The Roll-Out-of-Bed Challenge
"As a general rule, writing is extremely inconvenient."
This is one of my favorite quotes from one of my favorite women. This is also one of those I'm-laughing-because-it-hurts situations.
Like many of my peeps, I'm working two full-time jobs—as both a novelist and a nonprofit marketing coordinator. Since I can't really do this at my other job, there are definitely days when I sit down to write and am like, "nope," and then stand back up and go eat blueberry muffins in the kitchen while basically loathing everything.
But recently, I realized that those days were happening more often than not, because I am an embarrassment to nature. So, with a new novel to work on and an old one to query, I decided the time had come. The time to get down to business. OH YOU KNOW.
Two weeks ago, to be exact, I was sitting at my dining room table with my roommate, and I was staring at a blinking cursor, as per ushe. And I realized one of two things was going to happen: I was either going to sit there until I typed a few truly obscene words to cope with my guilt about all the not-writing currently going on, or I was going to go to bed and loathe everything, as was my tradition.
It was 10 PM. I'd had a long work day and I was getting delirious, so I told my roommate I was going to bed. And I don't know what possessed me to say it, but I did:
"I'll just wake up early tomorrow and write instead."
you should know two very important things about me.
One, I generally overthink before I say I'll do things, because I have a weirdly overdeveloped sense of pride that holds me painfully accountable for any and all of my promises.
Two, I like sleep. I like eight hours of sleep. I like eight consistent hours of sleep.
So basically, I screwed myself over on both accounts.
The next morning, I dutifully and very reluctantly woke up at 6 AM, an hour and a half earlier than I normally wake up on weekdays. My roommate was already awake for work, and she looked at me like I was insane for doing this voluntarily. I mean, I couldn't actually see her because I am legally blind without my contacts, but I sensed her judgement as I rolled out of bed, groaning like a 60-year-old man, and promptly stumbled into the door jam.
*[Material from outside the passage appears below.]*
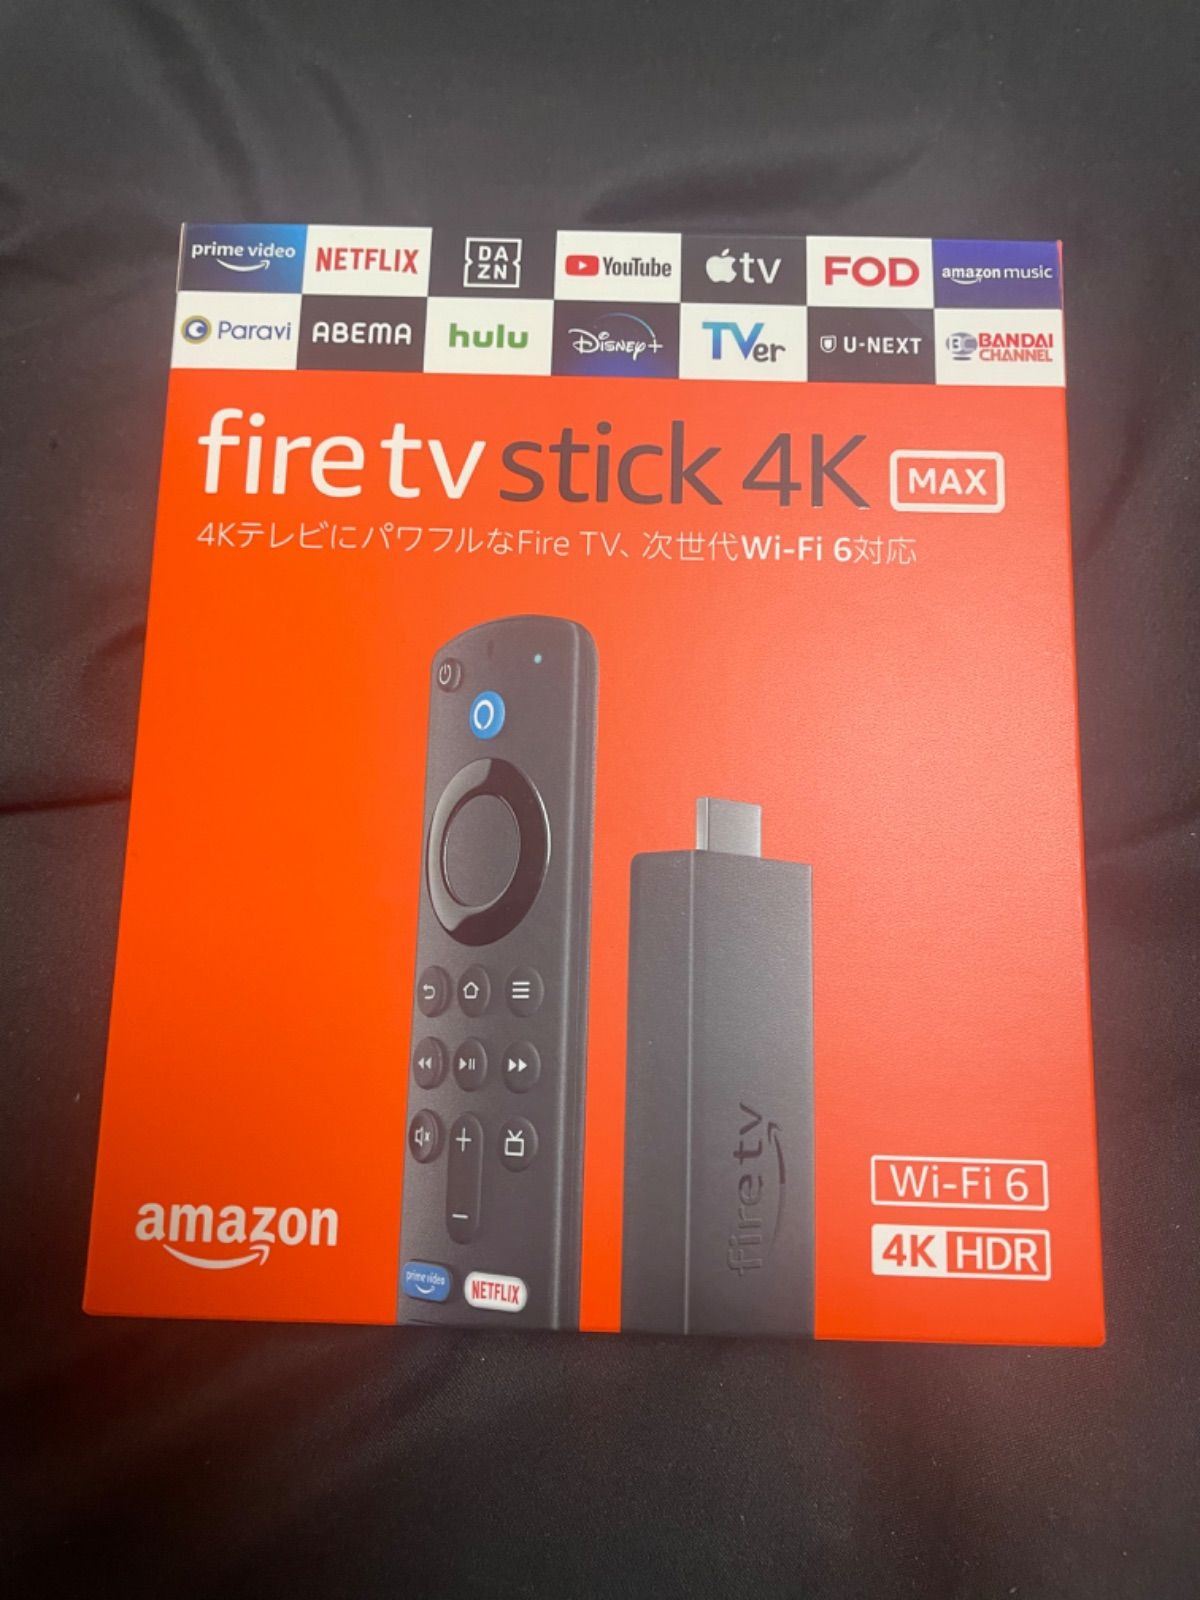 超熱 新品、未使用 Amazon Fire TV Stick 4K Max その他 - asiatech.co.id asiatech.co.id

Then I sat down. And I mind-vomited 1500 words onto the page first thing in the morning.
The weird thing was, I felt so good afterwards that I started wondering why I hadn't done this before.
SO not the reaction I was expecting to have, considering that I hate mornings and mornings hate me. (Sidenote: there seems to be a running theme of blanket hatred for things in this post, but I do actually like some things sometimes. Right. Anyway.)
In college, I wrote at night and only at night. I was too distracted when the sun was up, and I found that at night, I was just sleepy enough to let the words pour out without filtering myself. That's how I got through pretty much all of my last two novels and a two-act play.
But now? I write during the day as a social media and blog manager for work, and then I come back and try to write at night and find that I'm in fact dead inside.
But when I wake up early, I'm fresh. It's my time. I don't have the crap of the whole day weighing me down, nor do I have thoughts like, "I should go to the gym tonight but wait that sweaty guy who doesn't wear his headphones when he runs is probably going to be there LOL I'm so not going to the gym" constantly sidetracking me as I eat my morning muffin.
also, i don't do it every day.
Because I would die, guys. Three times per week is about enough for me. But this is coming from someone who, for the past year, wrote maybe a paragraph before bed on a good day. Three times per week resisting the snooze button is a victory for me.
Downside: the actual waking part. Honestly, it helps to have a roommate who has to get up with me and will start to sing strange arias at me if I hit snooze. But in a few weeks, I will have my own room (for the first time in five years), so who knows how long this bout of discipline will last.
Another downside: I can't drink coffee at 6 AM or I will sure as all heck faceplant in the middle of my 3 PM work meeting, which breaks my poor caffeine-addicted heart. I've so far fixed this problem with a little English breakfast tea (fun fact: that is actually me pouring milk in my awesome The Library mug in the below GIF), but I'm pretty sure my coworkers still think I've had about two weeks' worth of wild nights in a row.
But here's the upside...
since july 7, i have written 20,000 words.
That's just 6,000 words less than I wrote over the course of a month during my last NaNoWriMo. So I guess something's working??!?!?!??!
You should know that for a hot second, I considered challenging all my late night-write followers to try tackling a morning or two with me for the next week, but then I laughed, because that's dumb; if night-owling works for you, you're doing it right. Also, I figured you all would rather sit back and watch me suffer (see, I know you).
But let me tell you, I am the last person I would have thought would become... this. Yet here I am. I hope this novel is very pleased with itself.